I learned the intro part on piano over a year ago. I'm still fascinated with this score in general. I know it may seem easy for some of you to pick this stuff out by ear, but I'd really like to have the whole thing as a reference, especially the choral part starting at 4:54. I can hear it all at first, but once the bass gets moving a bit, I get lost. I see a few versions online, but they are for "concert band", as well as some for "orchestra", but I see no mention of the choir or vocal parts. Perhaps they are just arranged for different instruments, but I can't tell from the small preview. If anyone can point me to the best version, I'd really appreciate it. Thanks!


----------



## Gil (May 26, 2022)

Hello,
I don't have the score with choir but perhaps live versions in Hollywood in Vienna 2011 and 2019 can help you transcribing the choir more than the original recording?
Regards,
Gil.


----------



## Karma (May 26, 2022)

I always really wanted this myself too, unfortunately I don't think there's much out there!


----------



## chrissiddall (May 26, 2022)

I might be able to help out here. Will check my PC when I get home.


----------



## chrissiddall (May 27, 2022)

Unfortunately the handful of manuscript cues which I have from FG don't include that cue.

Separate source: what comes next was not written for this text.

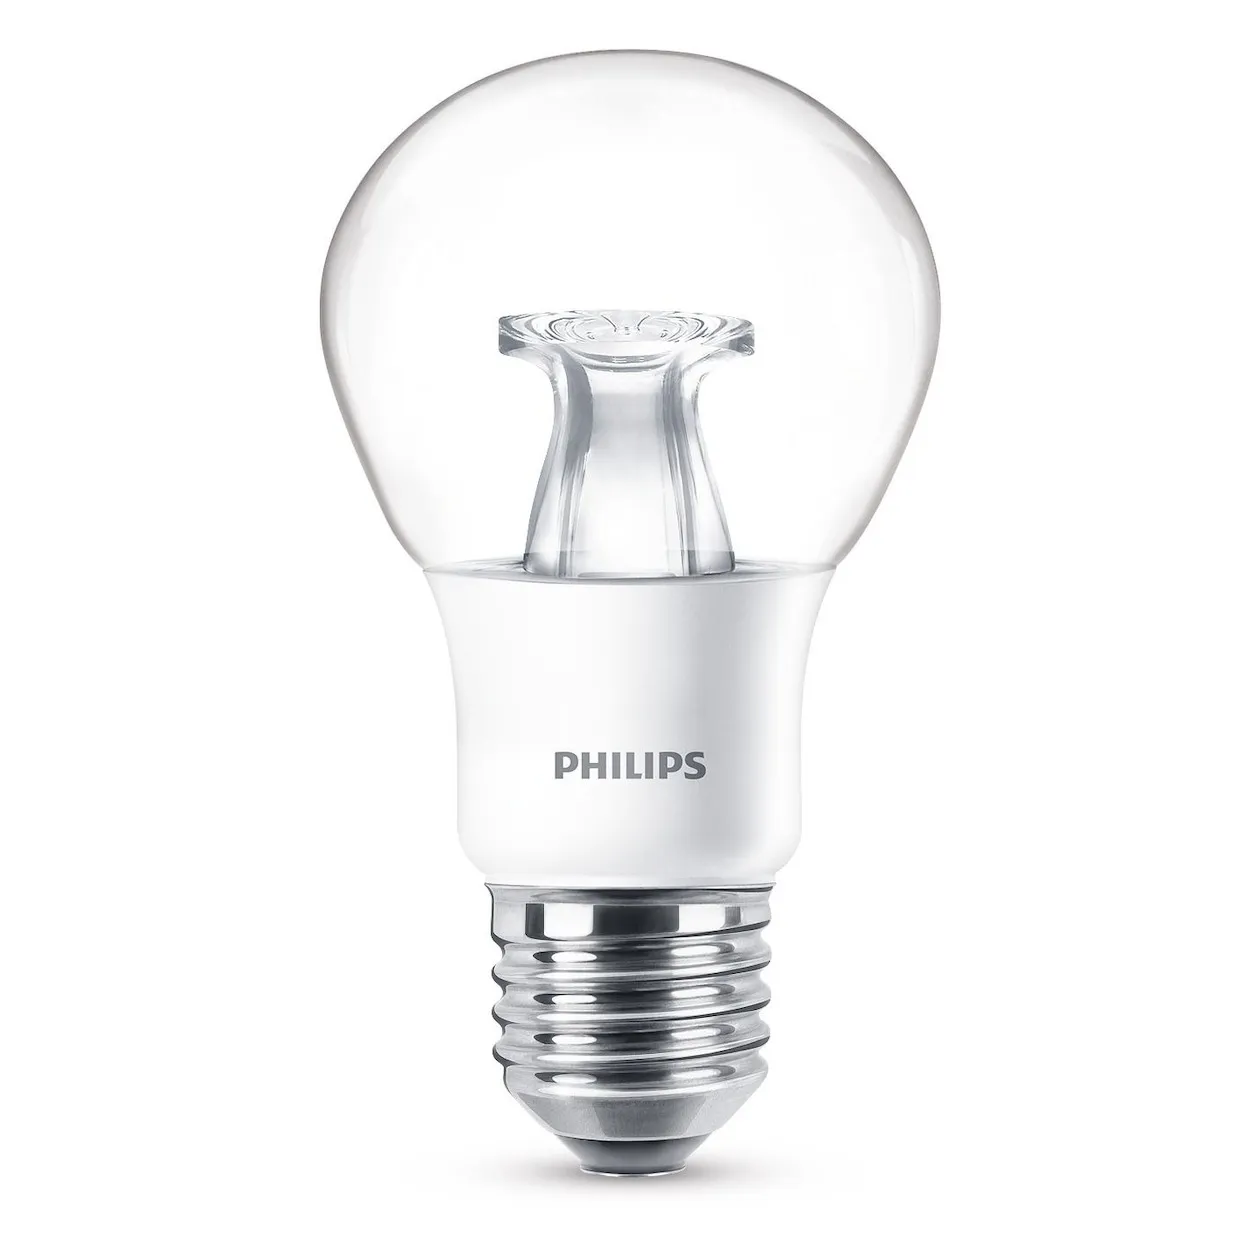 Philips LED lamp E27 6W 470Lm peer helder dimbaar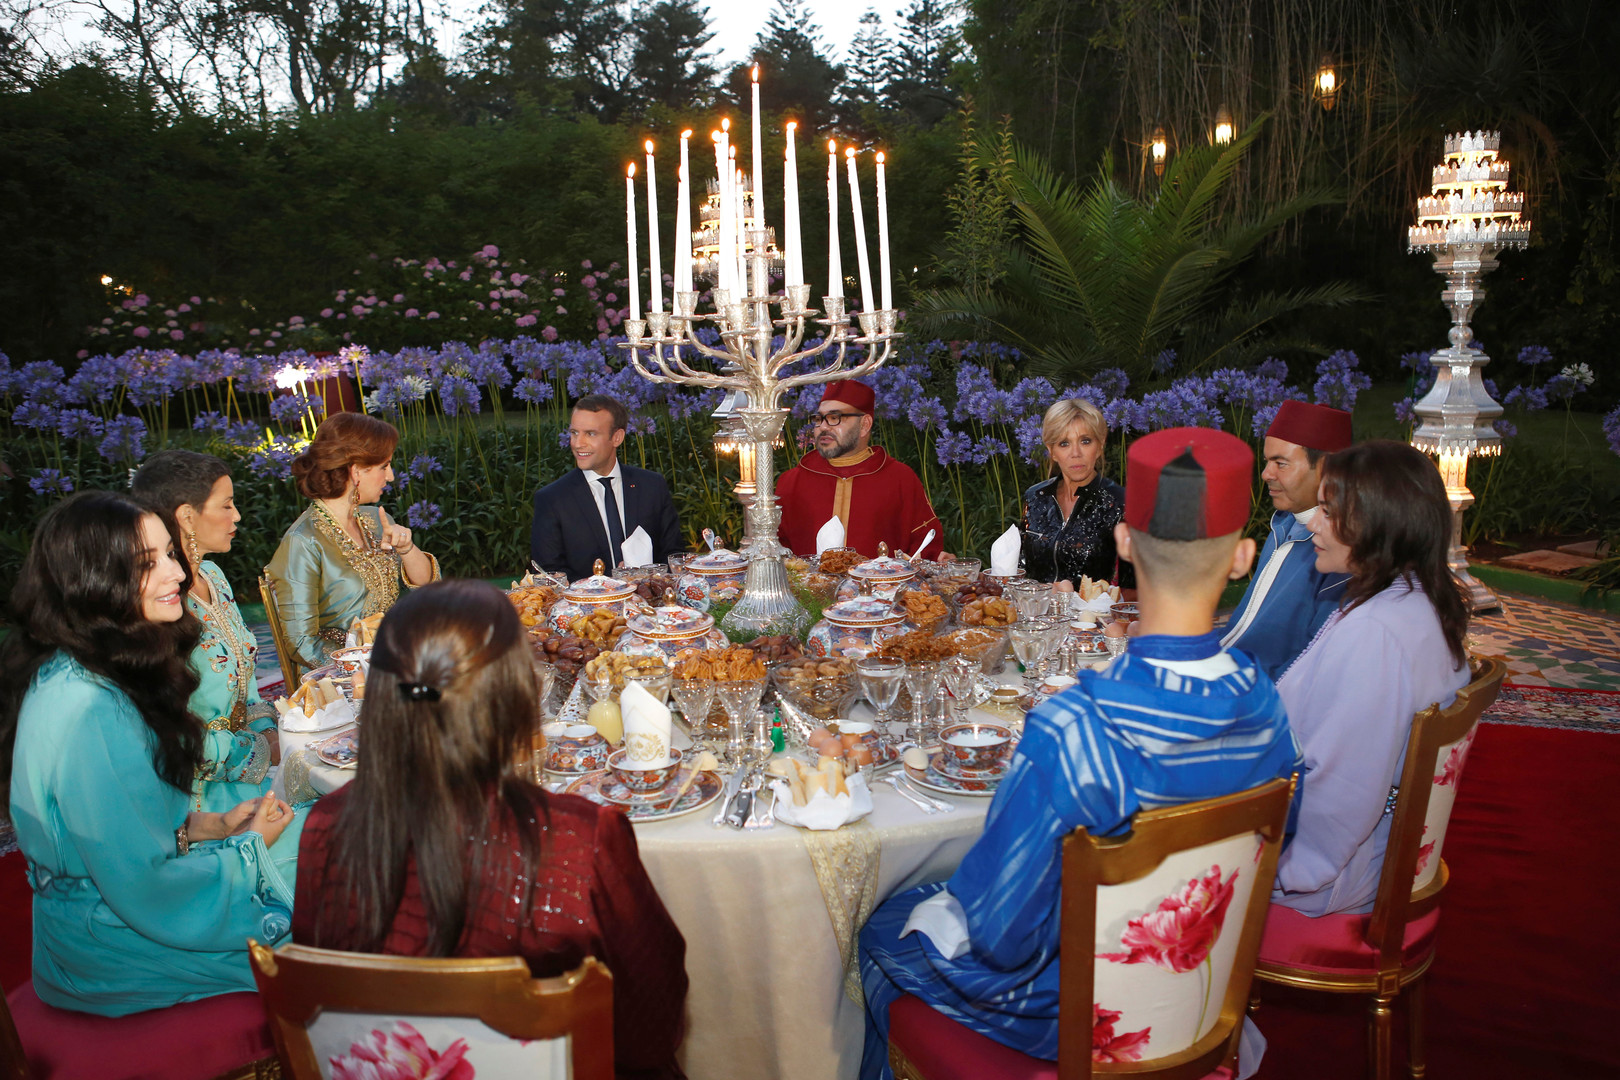 الرئيس الفرنسي إيمانويل ماكرون يشيد بمائدة الفطور مع الملك

This particular YouTube video has terrible audio quality, you should seek out the track from the score OST that relates to this section of the suite that's been cut together in this video as you'll undoubtedly find it's much better, and might help your transcription effort.


----------



## chrissiddall (May 28, 2022)

Good news @Studio E 

@Gil reminded me that this also appears in the End Credits, which I do have. Here's the choir part:


----------



## Studio E (May 28, 2022)

chrissiddall said:


> Good news @Studio E
> 
> @Gil reminded me that this also appears in the End Credits, which I do have. Here's the choir part:


Hey, not that I'm not super thankful, but we really shouldn't be posting copyrighted music, unless this is in the public domain somehow, which I seriously doubt. At least now, aside from obviously having a great outline for it, I see who the publisher is, thank you so much!


----------



## chrissiddall (May 28, 2022)

Studio E said:


> Hey, not that I'm not super thankful, but we really shouldn't be posting copyrighted music, unless this is in the public domain somehow, which I seriously doubt. At least now, aside from obviously having a great outline for it, I see who the publisher is, thank you so much!


It's not in the public domain, but I do have a publishing license for it. Since this is just a snippet, I think you're all good. You'll have to part with cash for the full score when I release it though!

(PS - the above sheet is not from any other published edition, it is one that I made for the purpose of posting here)


----------